Your answer must be an exact copy of the data below, minus any pictures.
START Supplied data
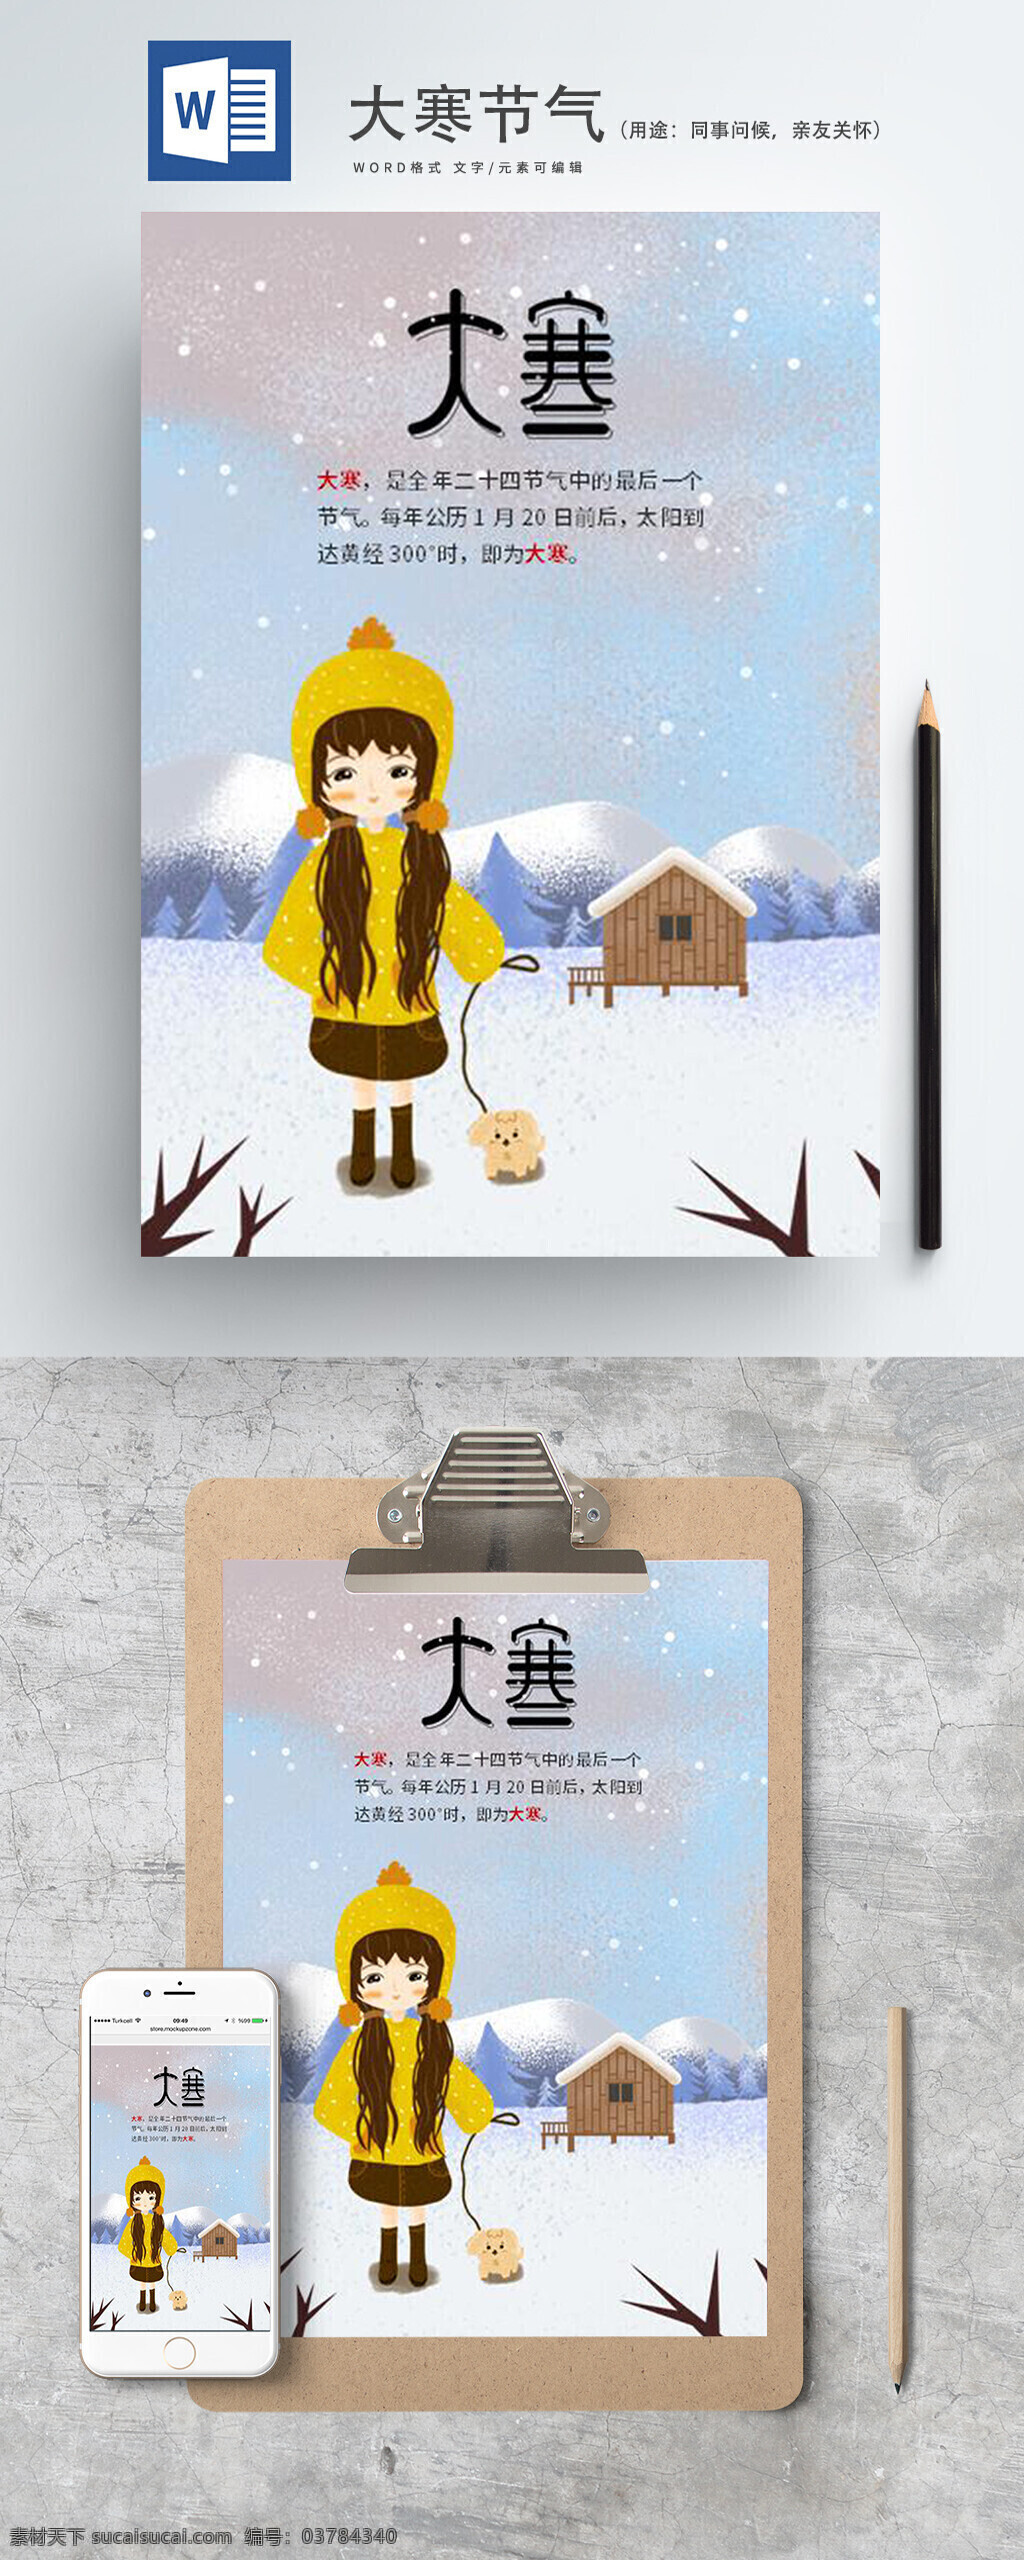 大寒 节气 卡通 手绘 海报 二十四节气 雪景 中华传统节气
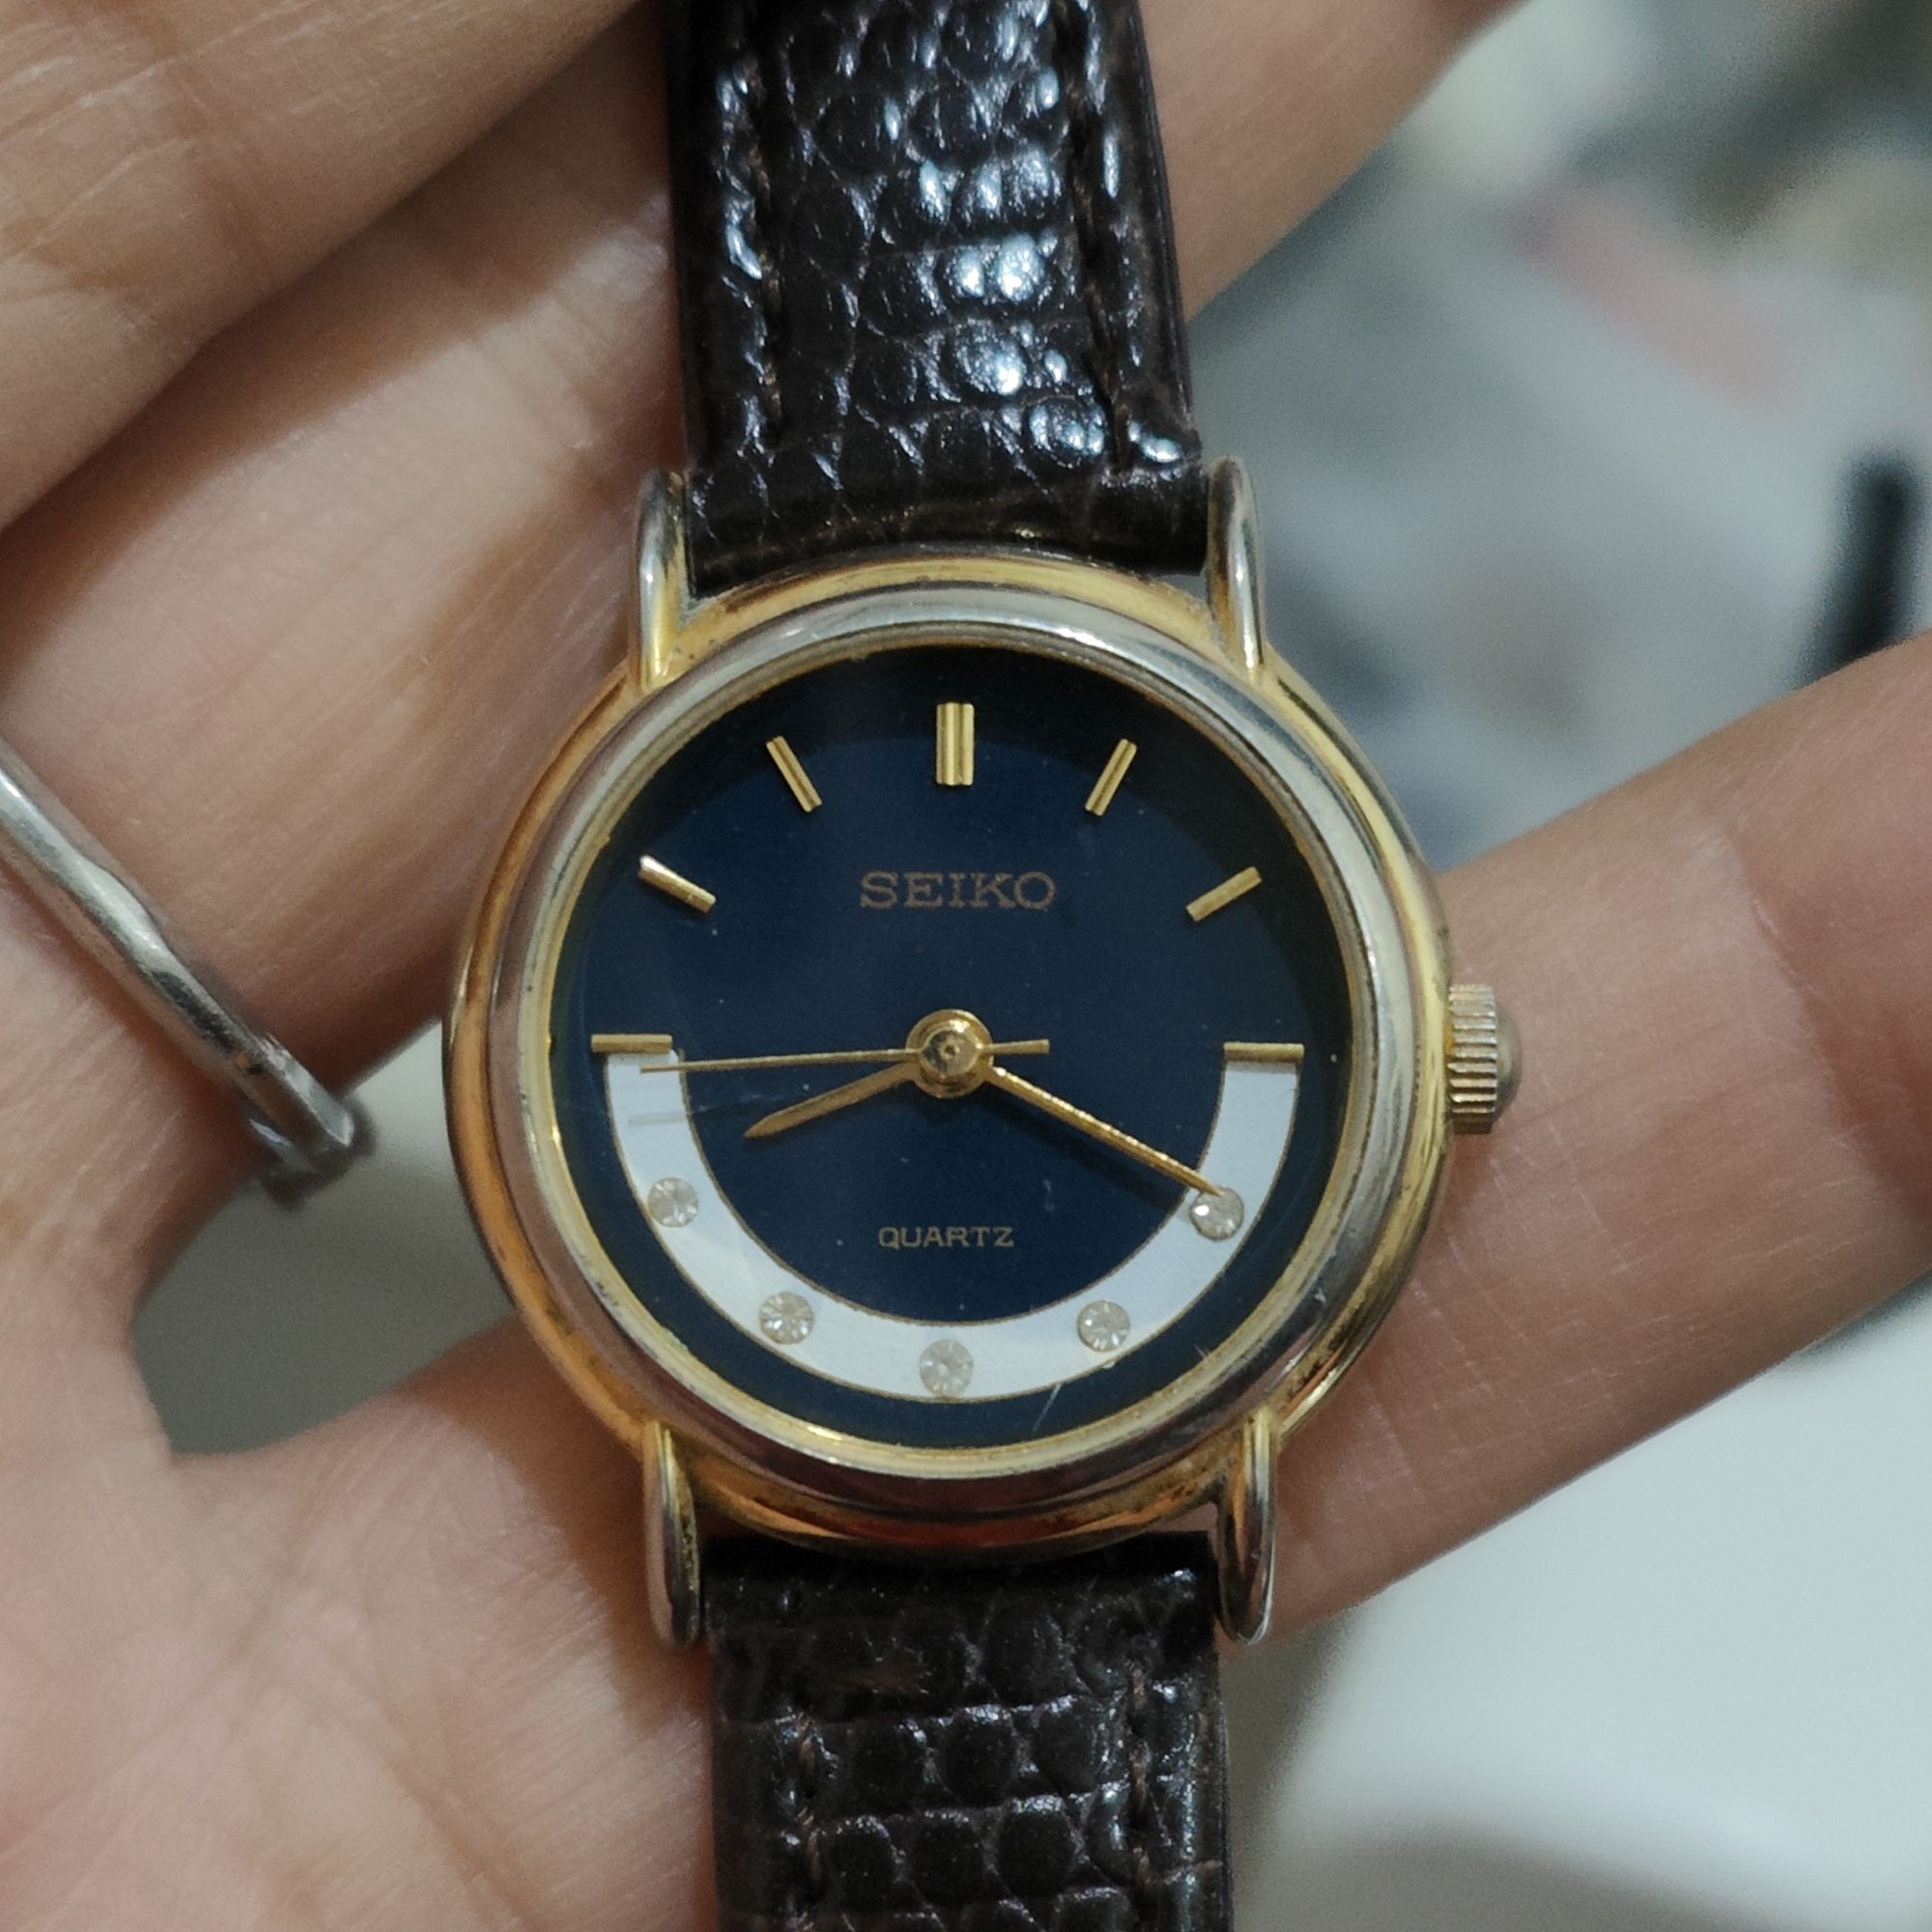 นาฬิกาญี่ปุ่นมือสอง นาฬิกาวินเทจ Seiko ระบบ quartz 
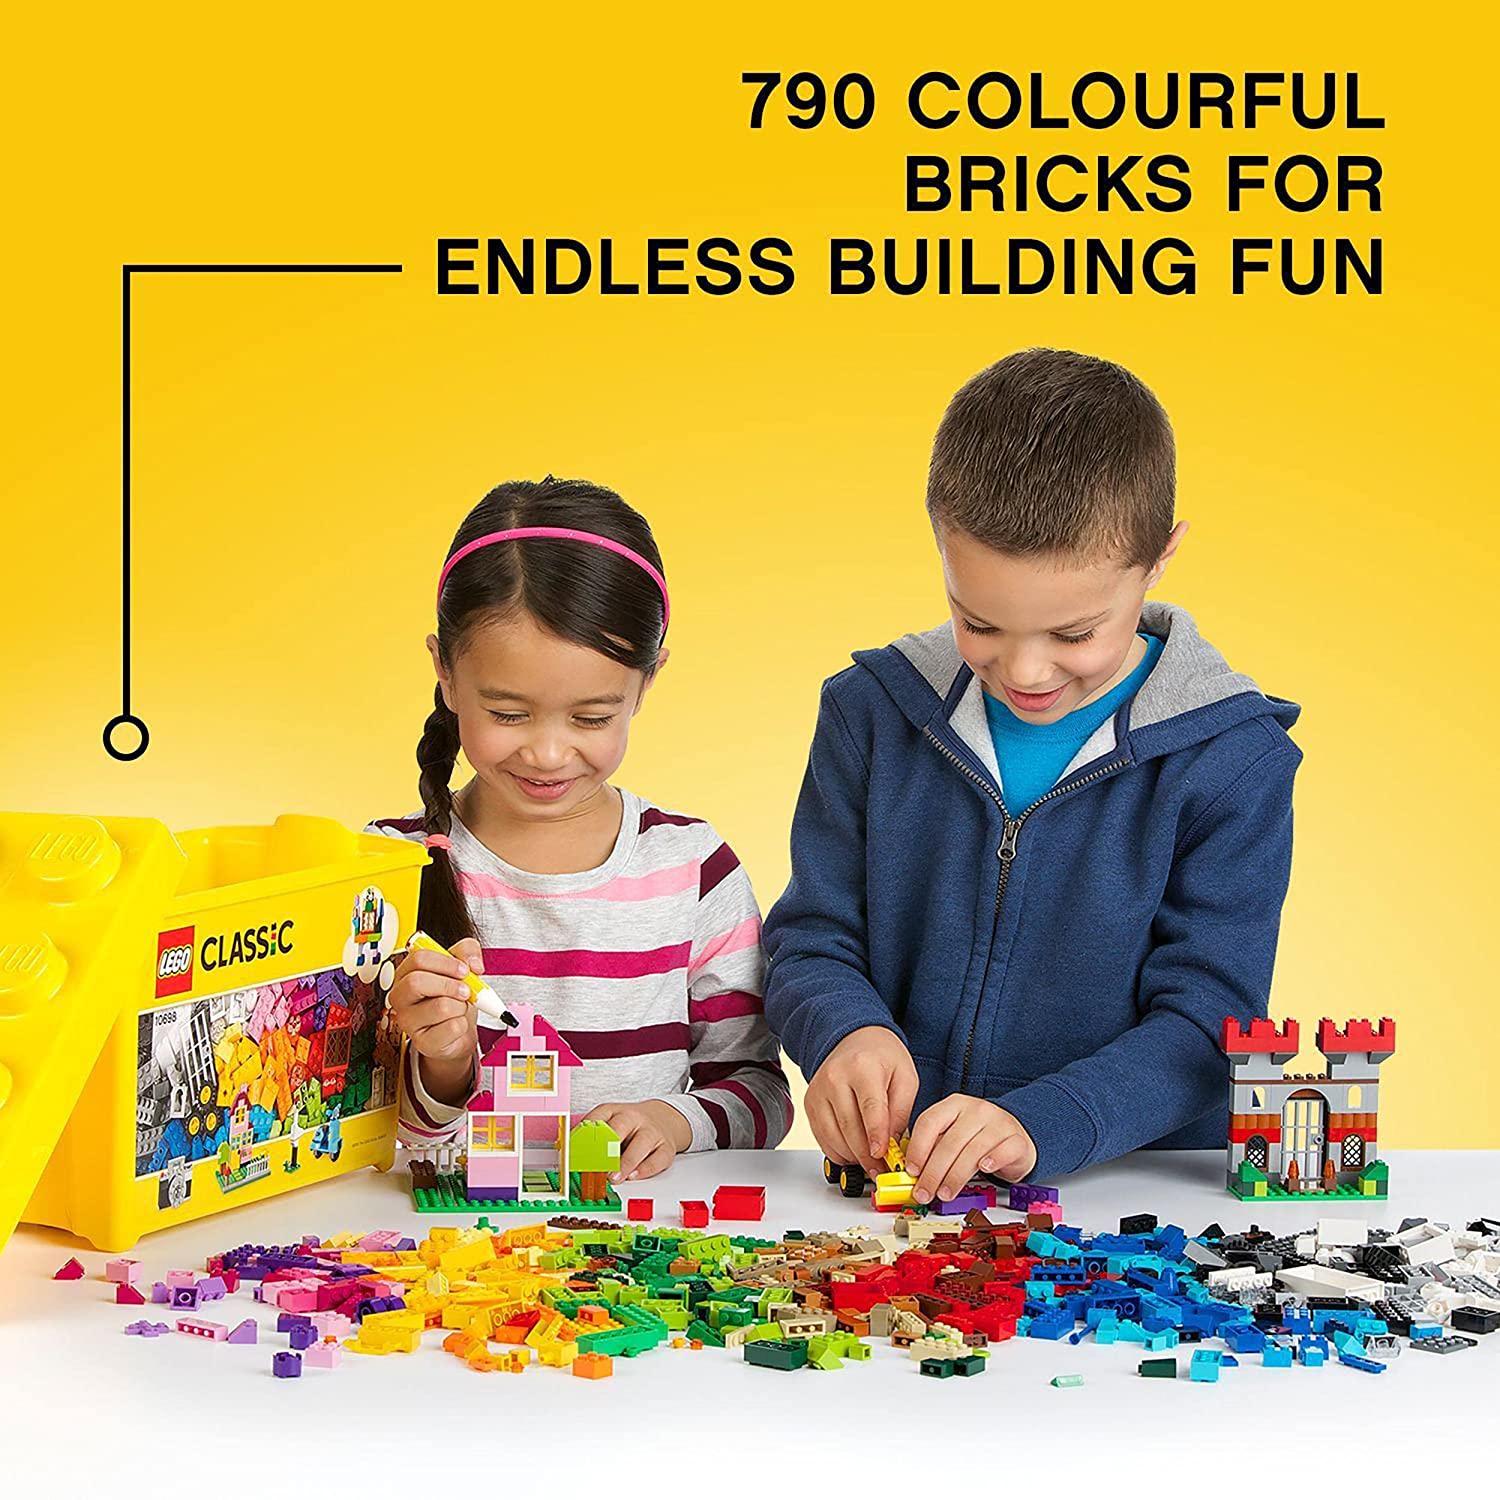 Lego 10698 Large Creative Brick
END Supplied data
■ **Solution to this problem**
 大寒 节气 卡通 手绘 海报 二十四节气 雪景 中华传统节气
 นาฬิกาญี่ปุ่นมือสอง นาฬิกาวินเทจ Seiko ระบบ quartz 
 Lego 10698 Large Creative Brick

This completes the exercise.